Historically, Lagerwey's fortunes have tended to shadow the fate of renewable energy in Holland. Founded in the wake of the oil crisis, the company collapsed with the price of oil in the early eighties, filed for bankruptcy in 1984 but re-emerged triumphantly post-Chernobyl in 1985. Its absorption into a larger conglomerate is also a sign of the times, where the industry trend is toward economies of scale.
Lagerwey's Remco Boersma says "the mood is positive," among company staff. The takeover deal is primarily a response to changing market conditions which have seen Lagerwey shift emphasis away from its traditional base of small-scale projects financed by individual investors, landowners and co-operatives in the Netherlands and Germany, towards larger scale multi-million dollar projects involving power utilities. This shift has meant that Lagerwey, with an annual turnover of NLG 60 million, has had to broaden its financial base. With its 1995 turnover of NLG 4.12 billion, Stork is well qualified to do so.
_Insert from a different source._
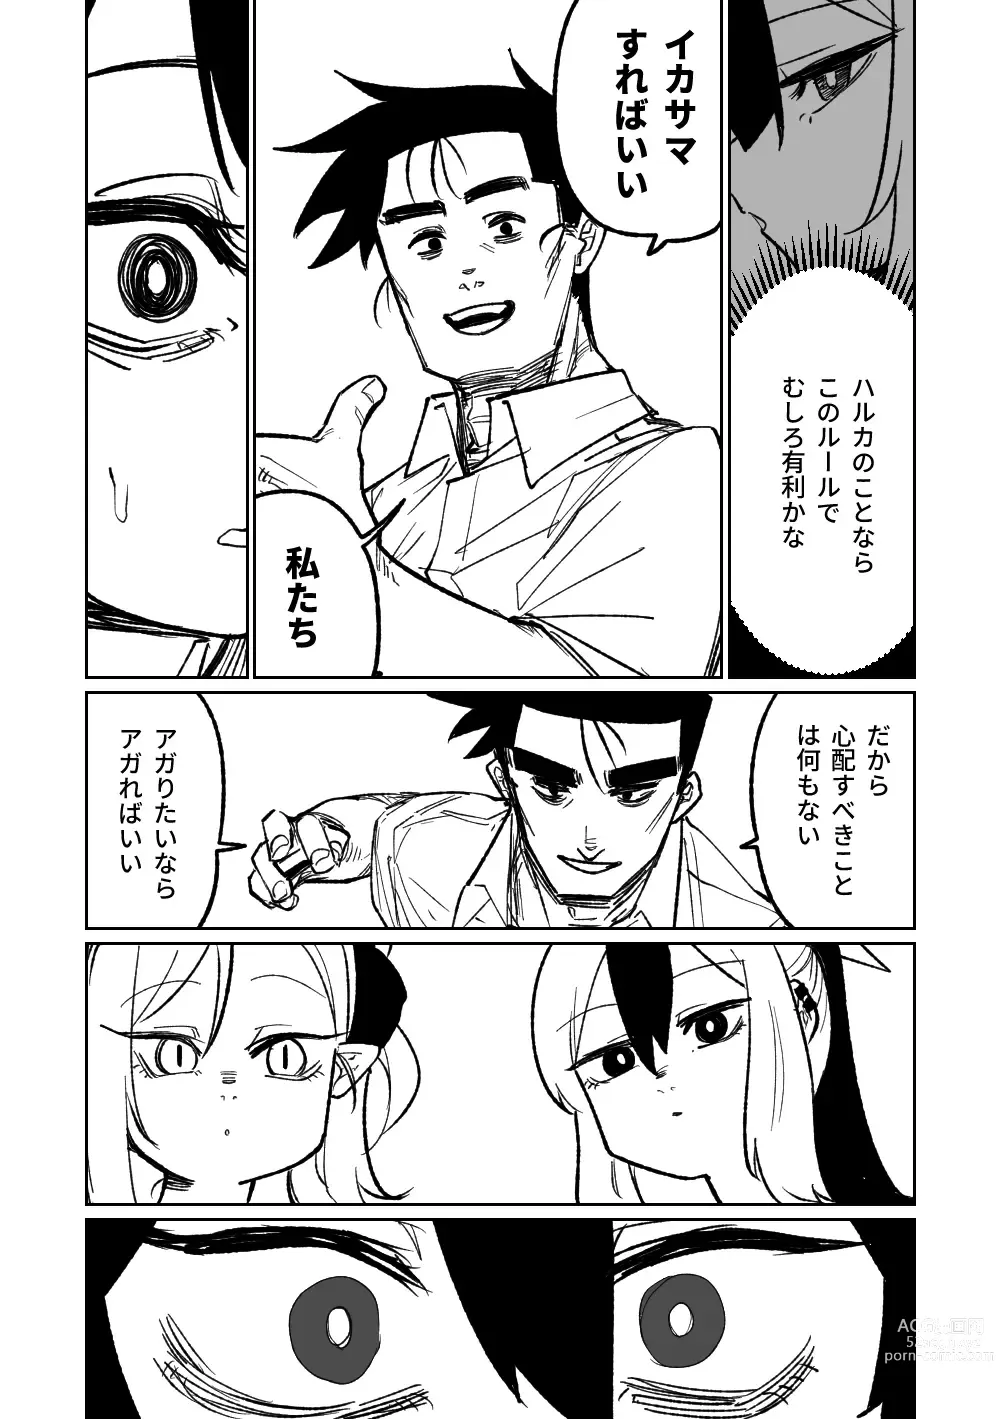 Page 188 of doujinshi Benriya 68 Datsui Mahjong Ichi ~Sankaisen~

Lagerwey began work on its new LW 45/750 in 1995 and Boersma is particularly hopeful that the Stork takeover will act as the "catalyst" in the further development of Lagerwey's first large model. Boersma says Lagerwey has no immediate interests in the American market and the recent US ban on import of European variable speed technology had not affected takeover negotiations. If the ban is maintained, "We do not expect it to apply to the technology of Lagerwey's own variable speed system" he says.